Provided entries:
■ ■ ■

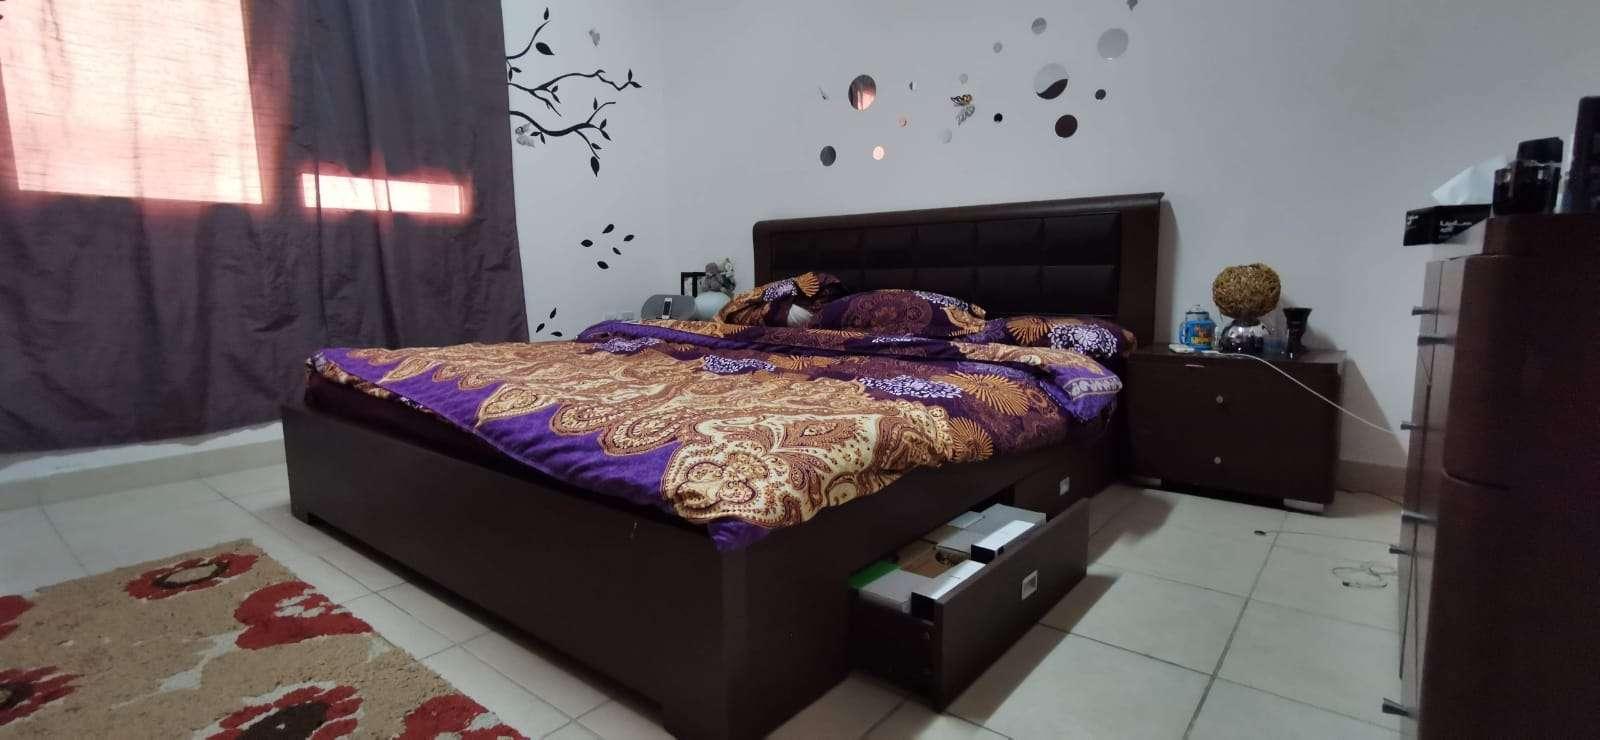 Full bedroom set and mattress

■ ■ ■

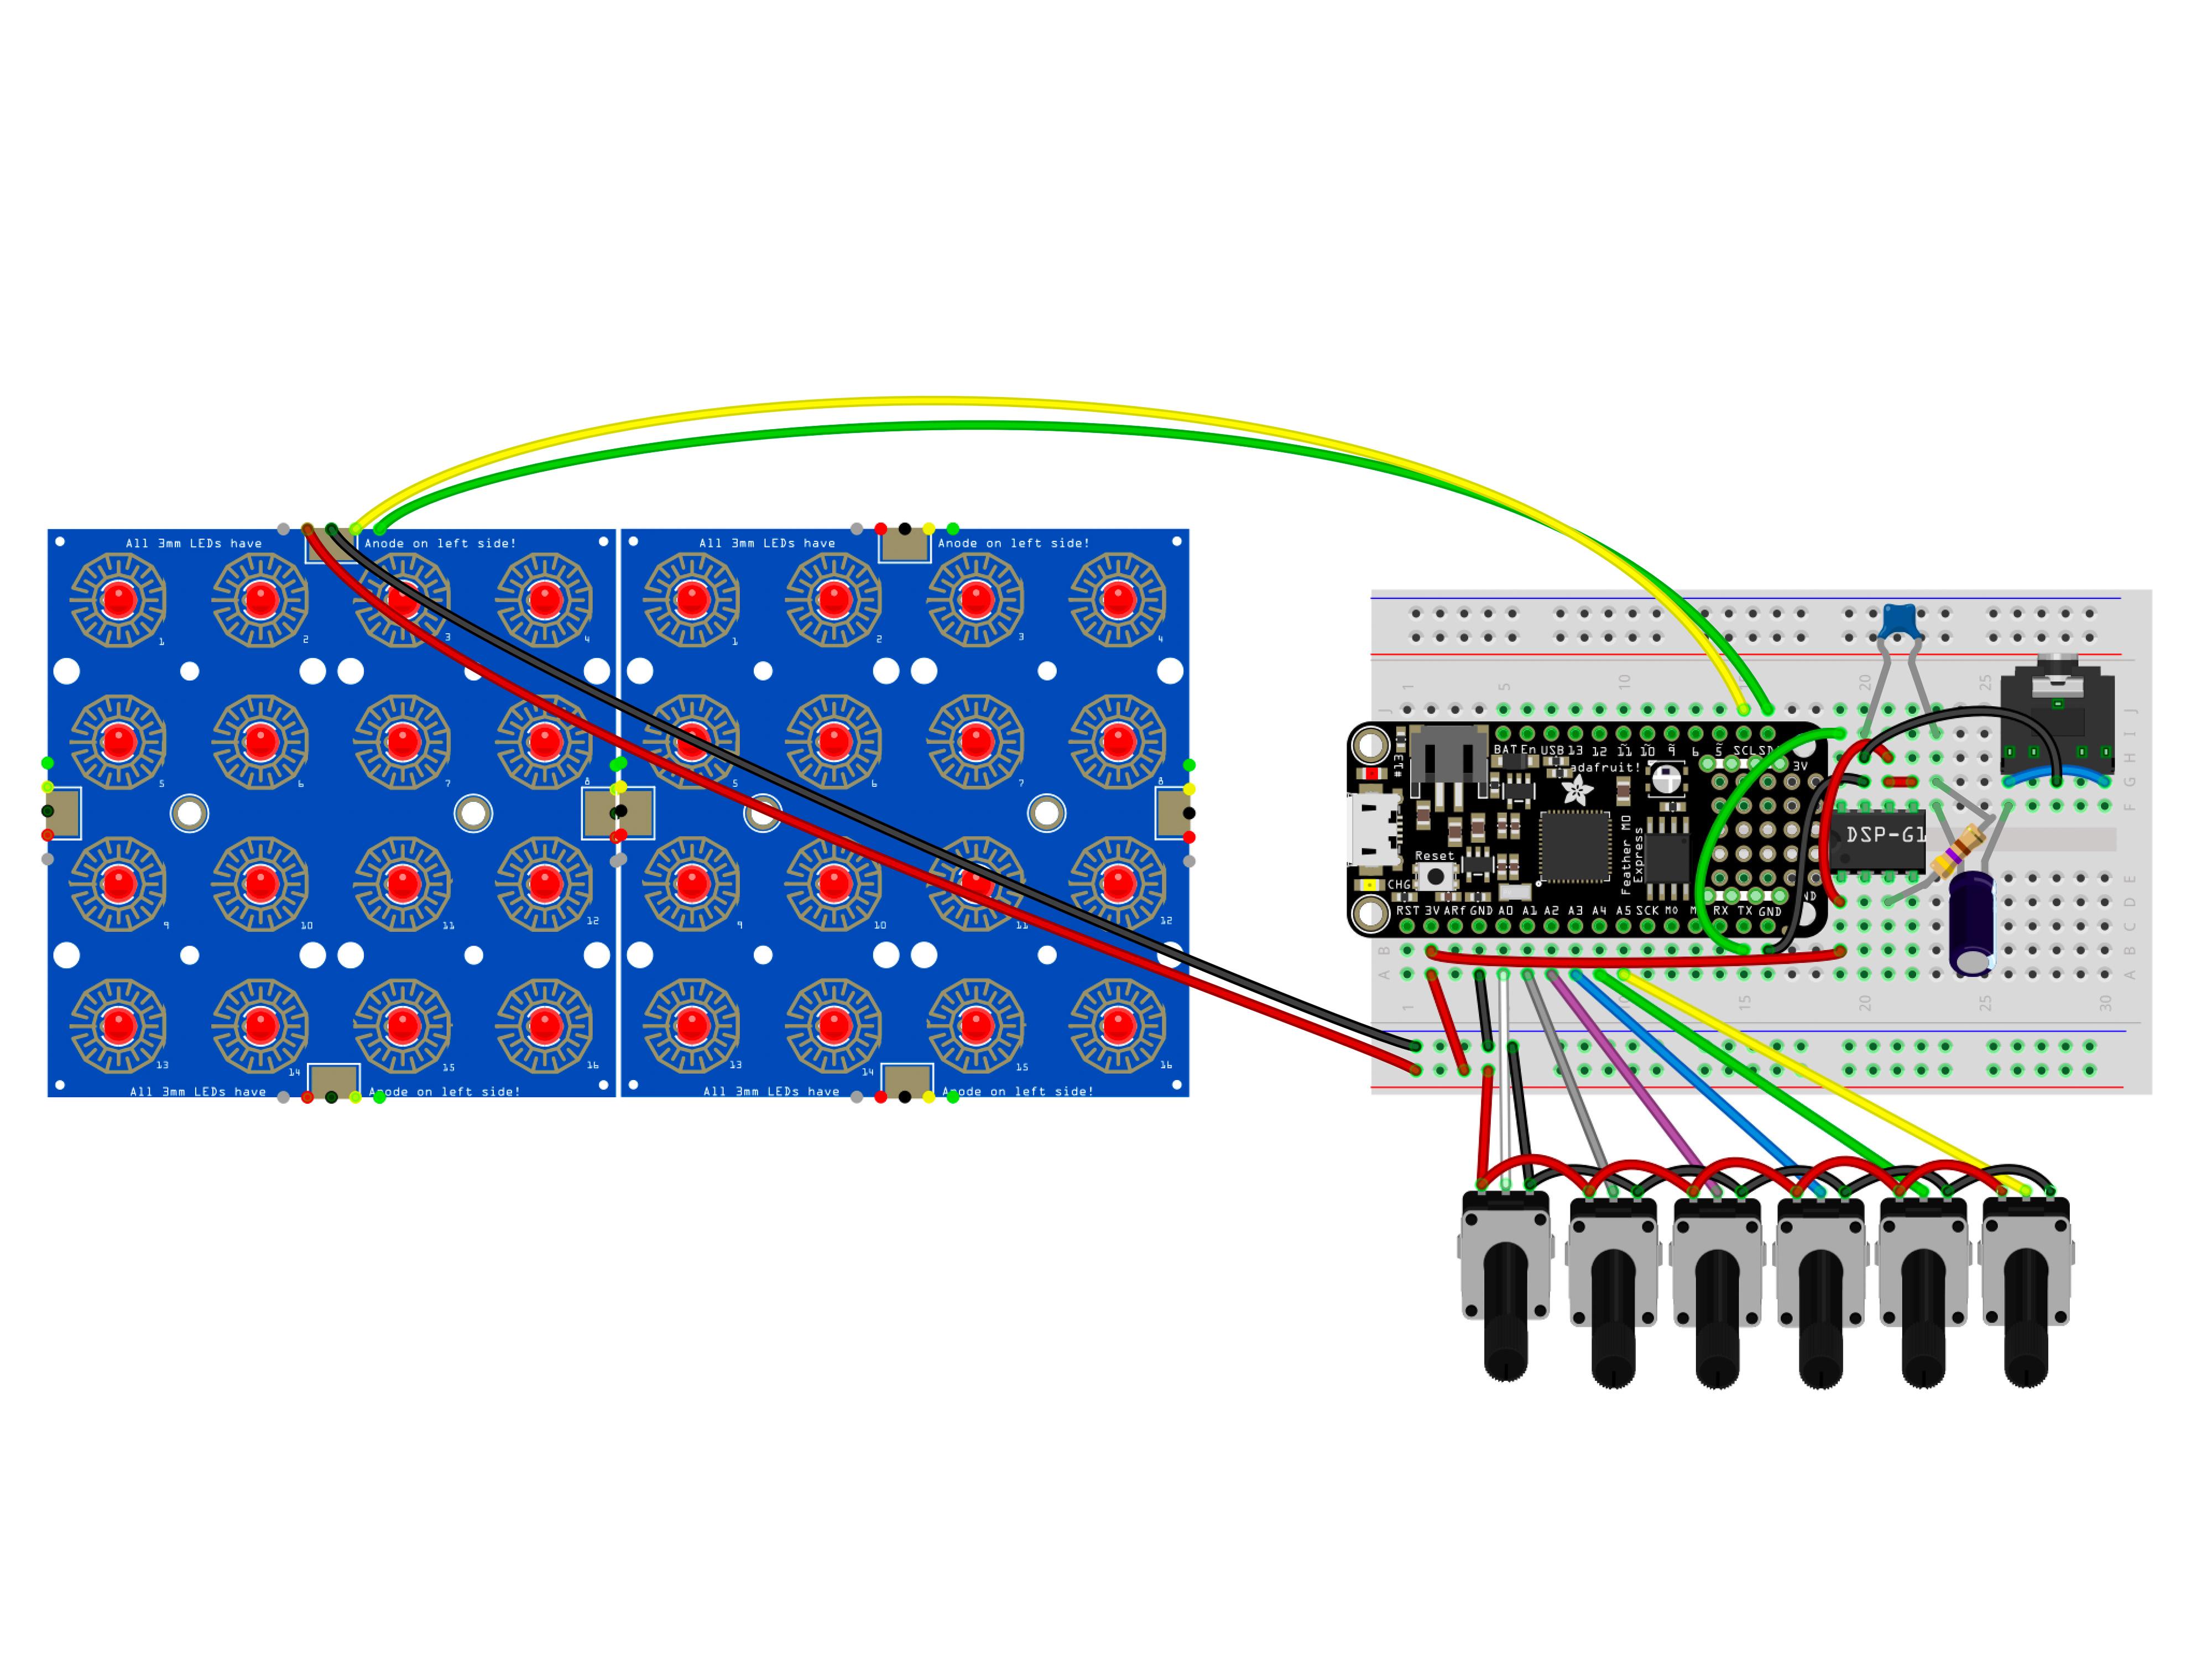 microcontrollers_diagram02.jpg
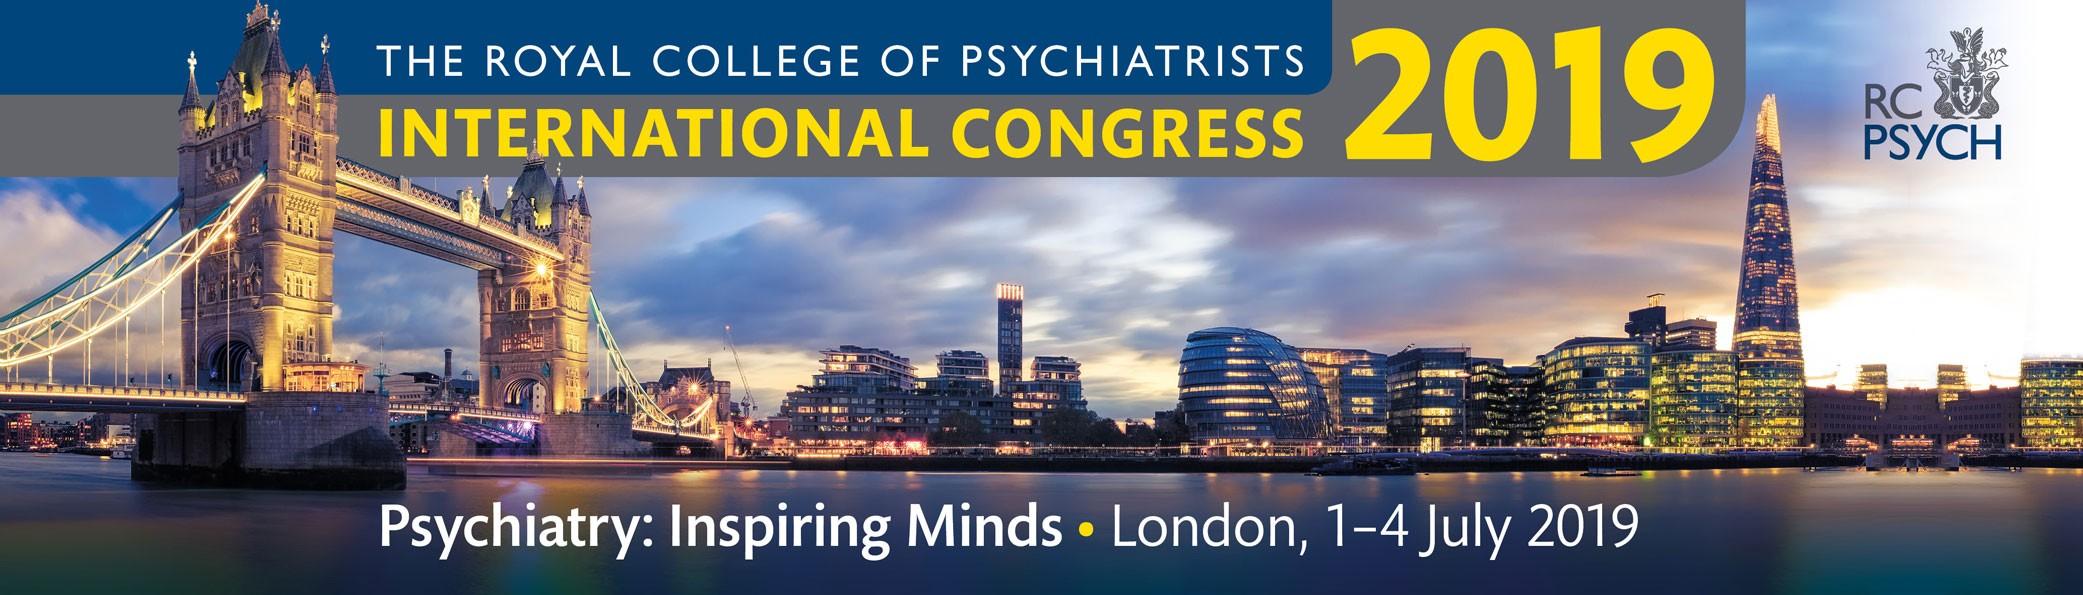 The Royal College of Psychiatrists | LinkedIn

■ ■ ■

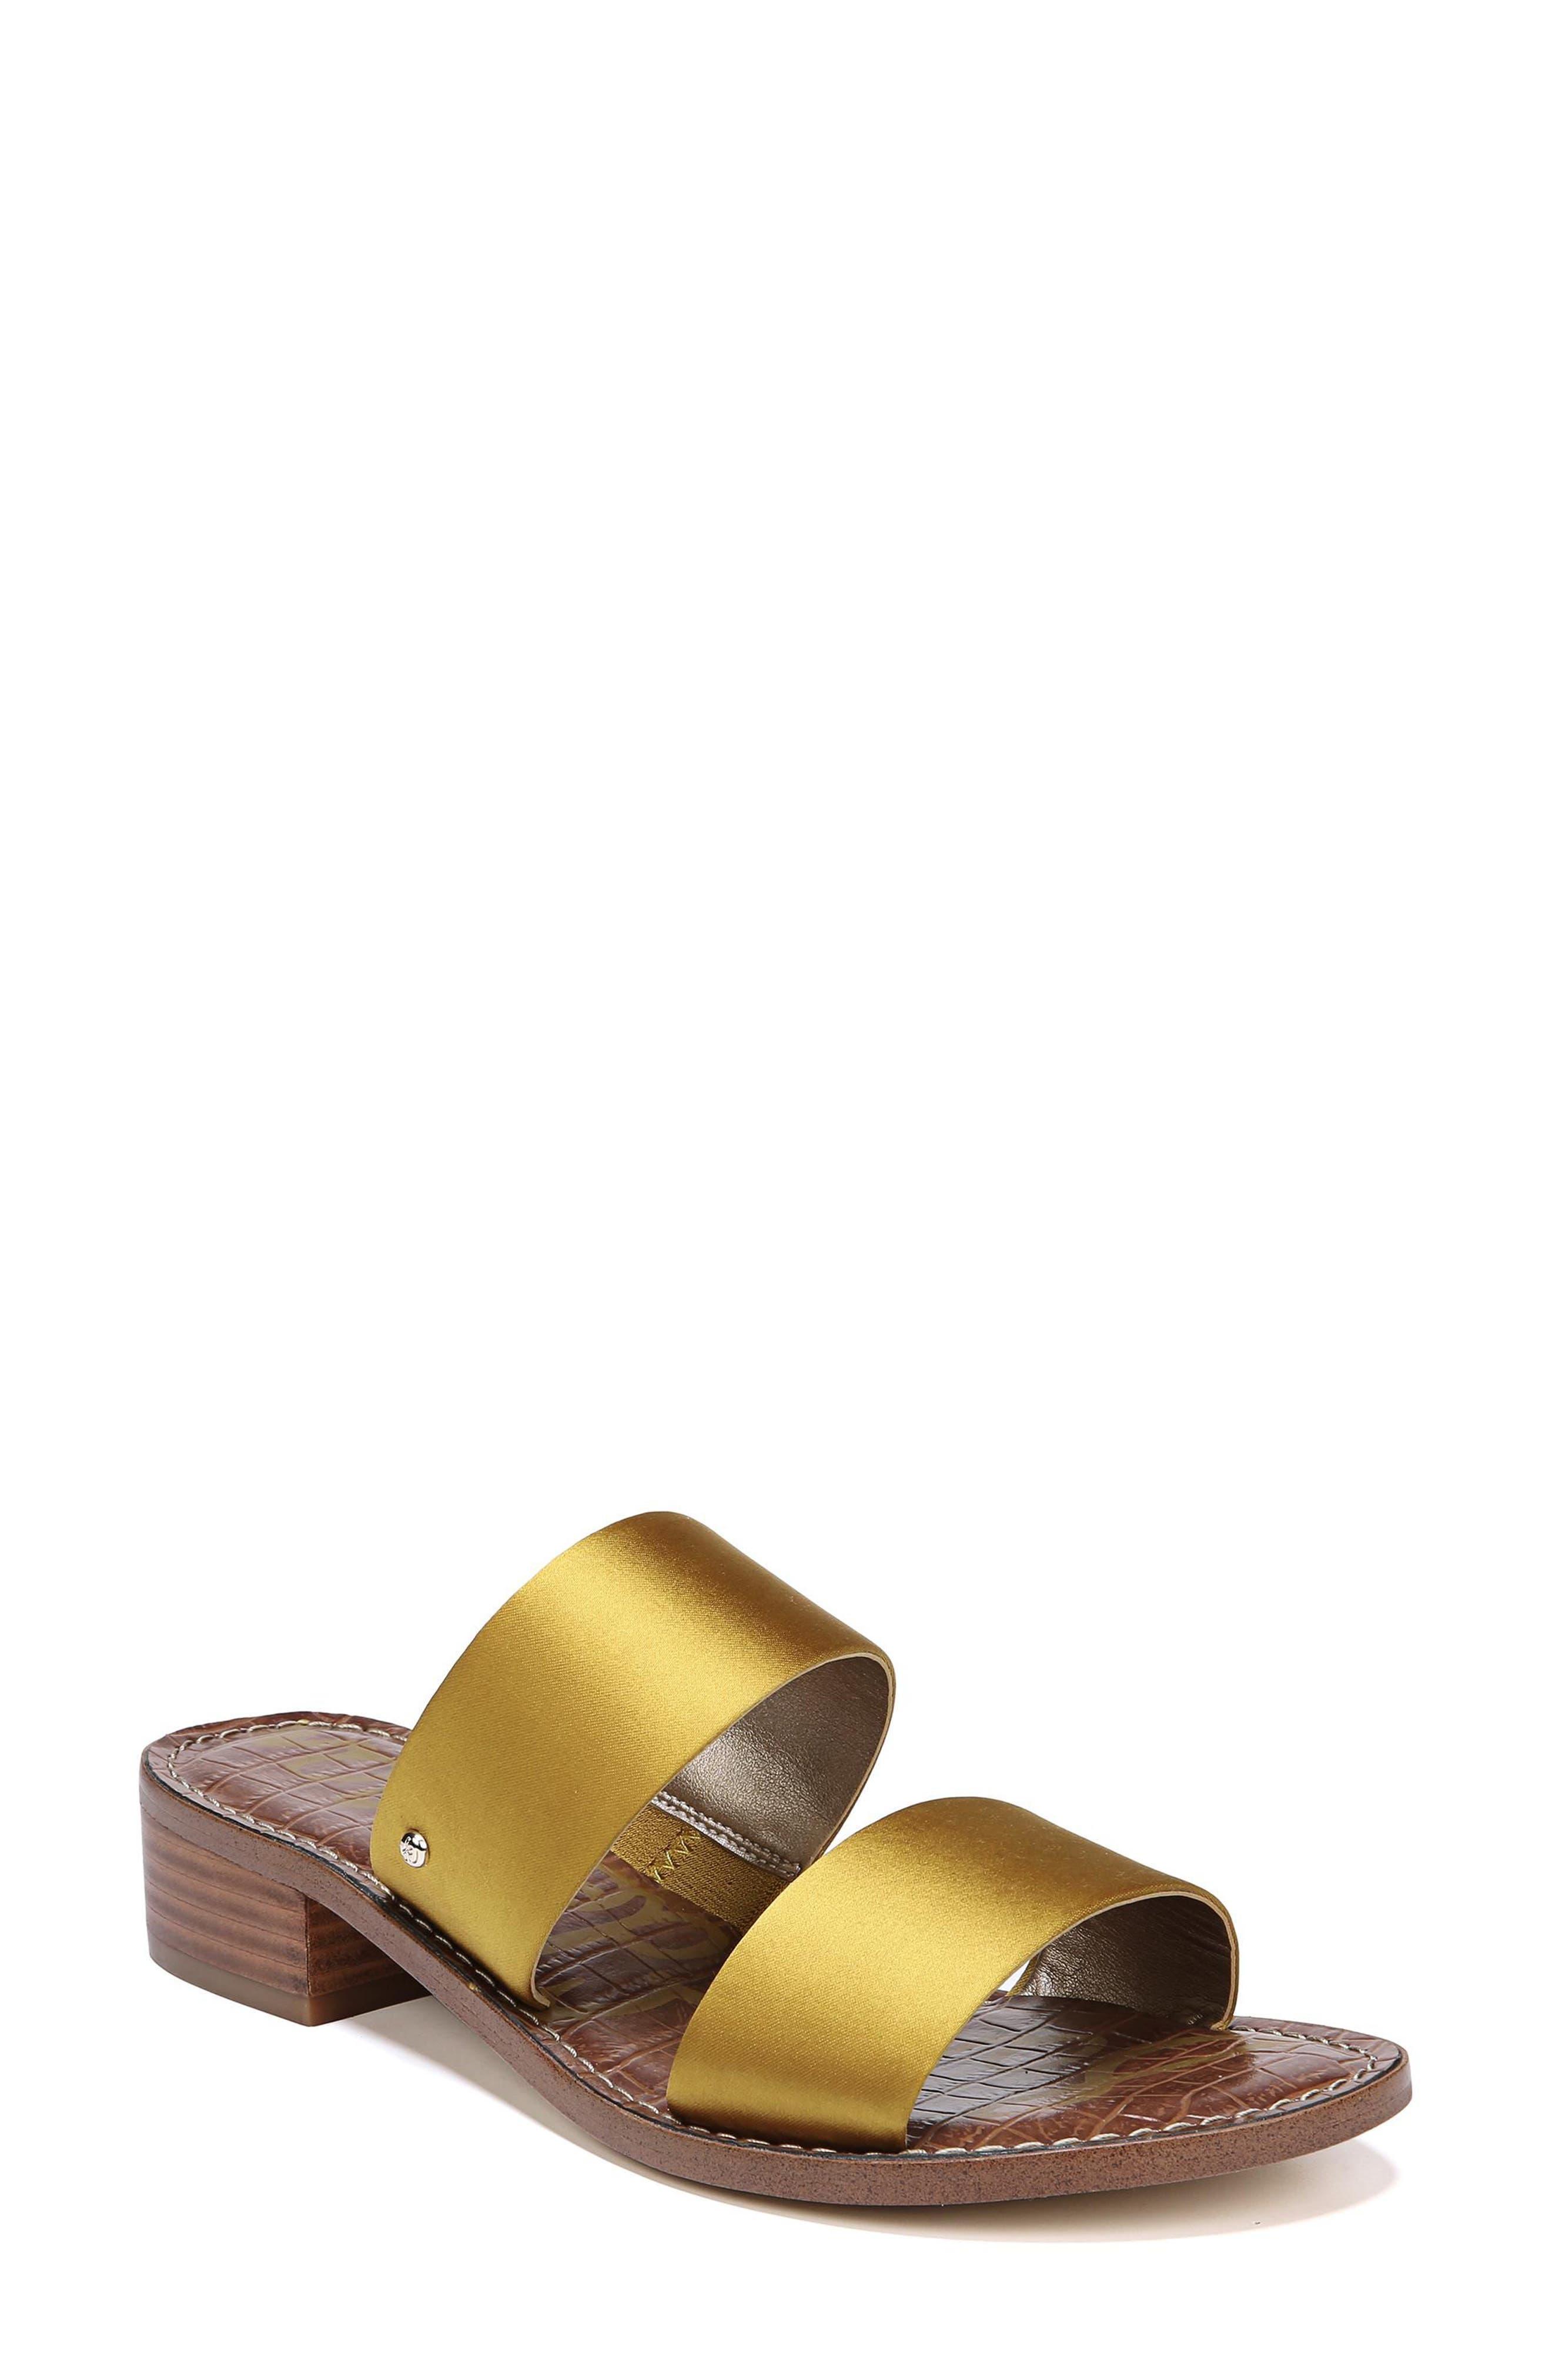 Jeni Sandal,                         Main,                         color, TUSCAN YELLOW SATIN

■ ■ ■

Task: Without the pictures, set down the lines above from the line with "microcontrollers_diagram02.jpg" up to and including the line with "The Royal College" exactly as they stand.

Output for this exercise:
 microcontrollers_diagram02.jpg
 The Royal College of Psychiatrists | LinkedIn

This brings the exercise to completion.